No había vuelto a ver espíritus malignos desde que había empezado a trabajar en Hexam Place, aunque en realidad no siempre estaba seguro de ser capaz de identificar los espíritus malignos. A veces dedicaba semanas a observarlos, a menudo siguiéndolos, antes de poder estar seguro del todo. Pero debía recordar que había prometido al amigo del señor Jefferson, el doctor Mettage —el psiquiatra del hospital—, que no les haría nada a menos que le amenazaran. Decía que eso dependía de lo que uno entendiera por «amenazar». Las mujeres eran para él una amenaza, aunque eso era algo que jamás había compartido con el doctor Mettage ni con el doctor Jefferson. Se lo había contado a su dios, pero Peach no le había respondido.
Si no tenía trabajo en el jardín delantero del número 3, siempre tenía mucho que hacer en el del número 5. Un seto rodeaba los parterres de grava situados a ambos lados de los escalones principales y había estrechas cenefas de flores circundando el seto.

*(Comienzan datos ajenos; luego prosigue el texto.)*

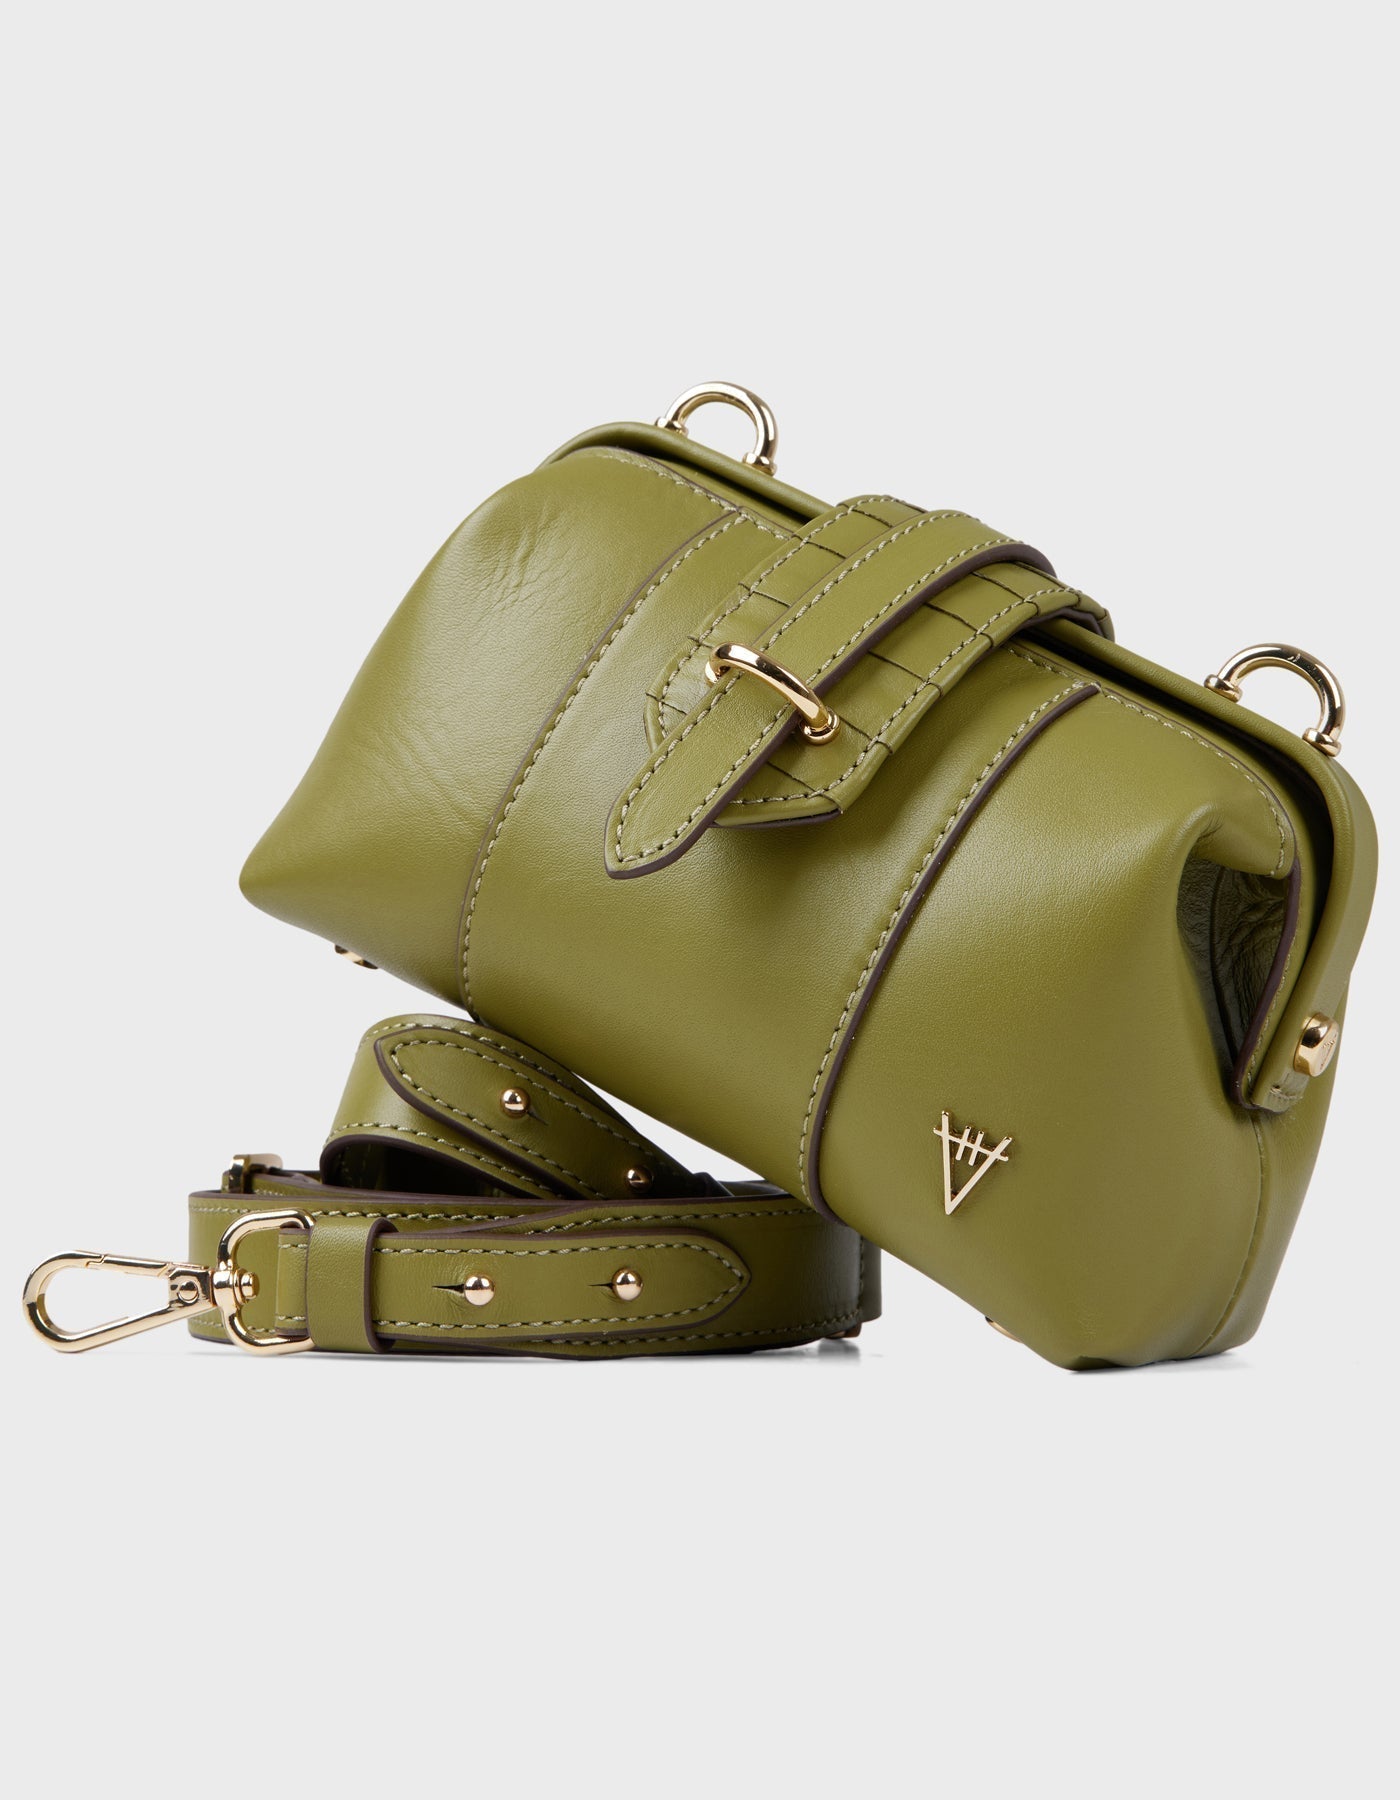 HiVa Atelier | Mini Nubes Doctor Bag Olive | Beautiful and Versatile Leather Accessories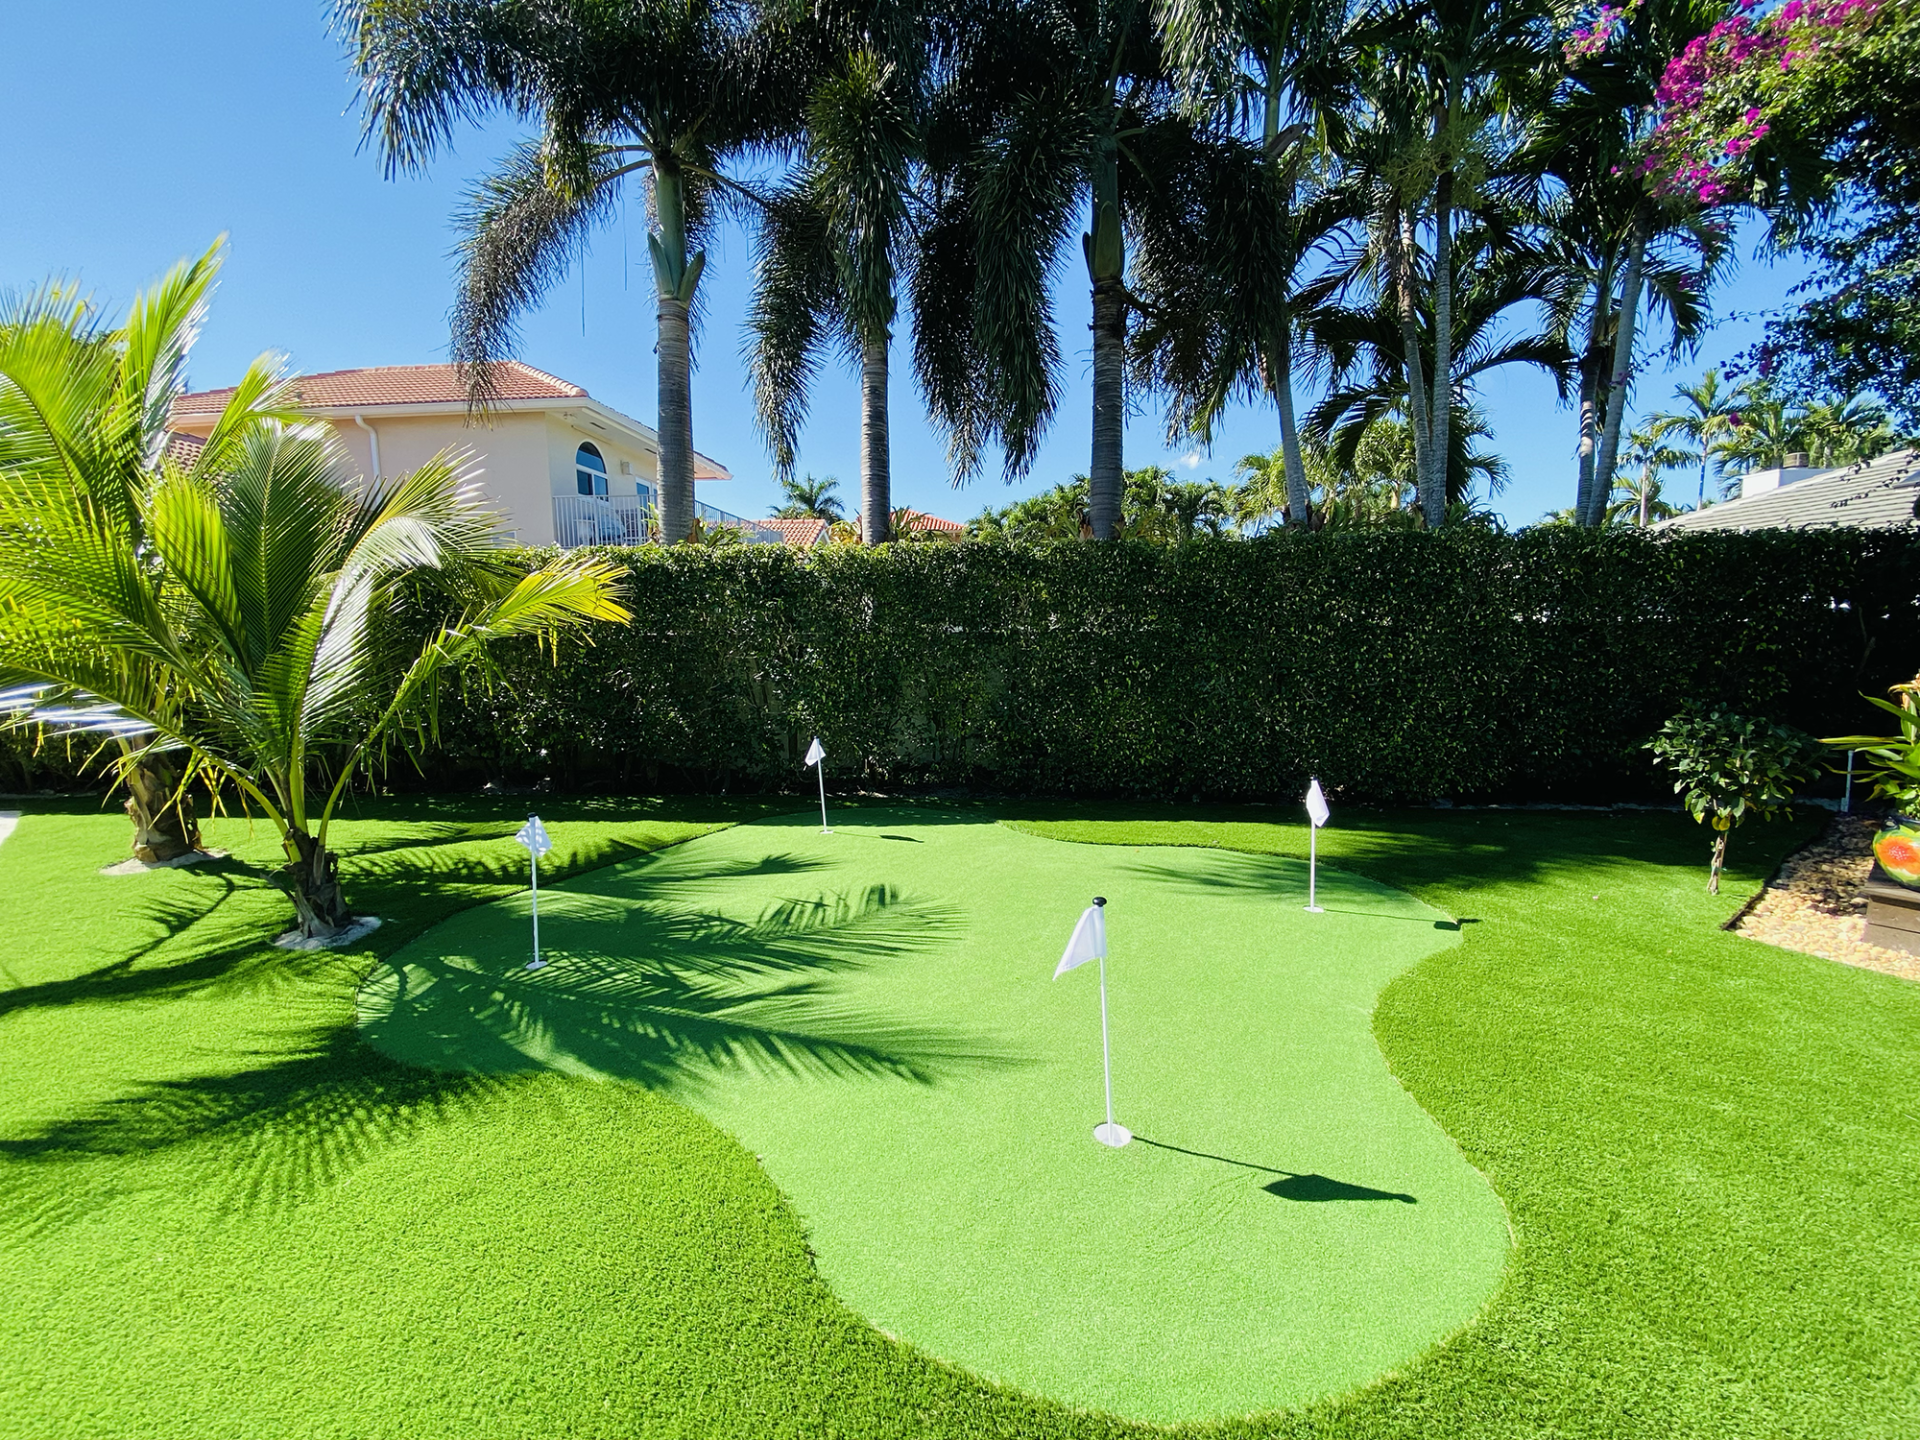 Vista Green Joins Easygrass!  EasyGrass : Artificial Grass and Turf  Supplier and Installer - Miami

Dex se arrodilló para arrancar las malas hierbas de las cenefas, extendiendo primero en el suelo un viejo felpudo que le había dado la señora Neville-Smith para protegerse las rodillas de las piedrecillas.
Le gustaba ver a la gente de Hexam Place sin desear hablar con ellos: la mujer pelirroja de la casa de enfrente que se sentaba en la escalera a fumar un cigarrillo; la anciana llamada June que sacaba al gordo perrito a dar una vuelta a la manzana; el chico que por su aspecto bien podría haber trabajado en la televisión y que se pasaba el día sentado al volante de un reluciente cochazo, dedicado más a esperar sentado que a conducir. Había dos hombres que vivían en la misma casa que la mujer pelirroja. Siempre salían juntos por la mañana, justo después de que Dex hubiera empezado a trabajar, siempre vestían traje y corbata y, los días de frío, llevaban unos abrigos ajustados.
Tuvo que ir a trabajar al jardín trasero, y entonces lo único que vio eran las clemátides, las dalias y las rosas. Al señor Neville-Smith le encantaban las rosas. En la casa contigua, el número 7, vivían muchos niños, dos niñas y un bebé, y una chica que, según había oído decir a Jimmy, era una au pair. Dex la vio subir y bajar las escaleras del servicio del número 7 y vio también a una señora que vestía una larga capa negra y que llevaba un pañuelo para la cabeza también negro que paseaba al bebé en un cochecito. Pero si les hubiera visto lejos de los lugares donde vivían, no les habría reconocido. Para él las caras no significaban nada. Veía en ellas máscaras vacías desprovistas de rasgos.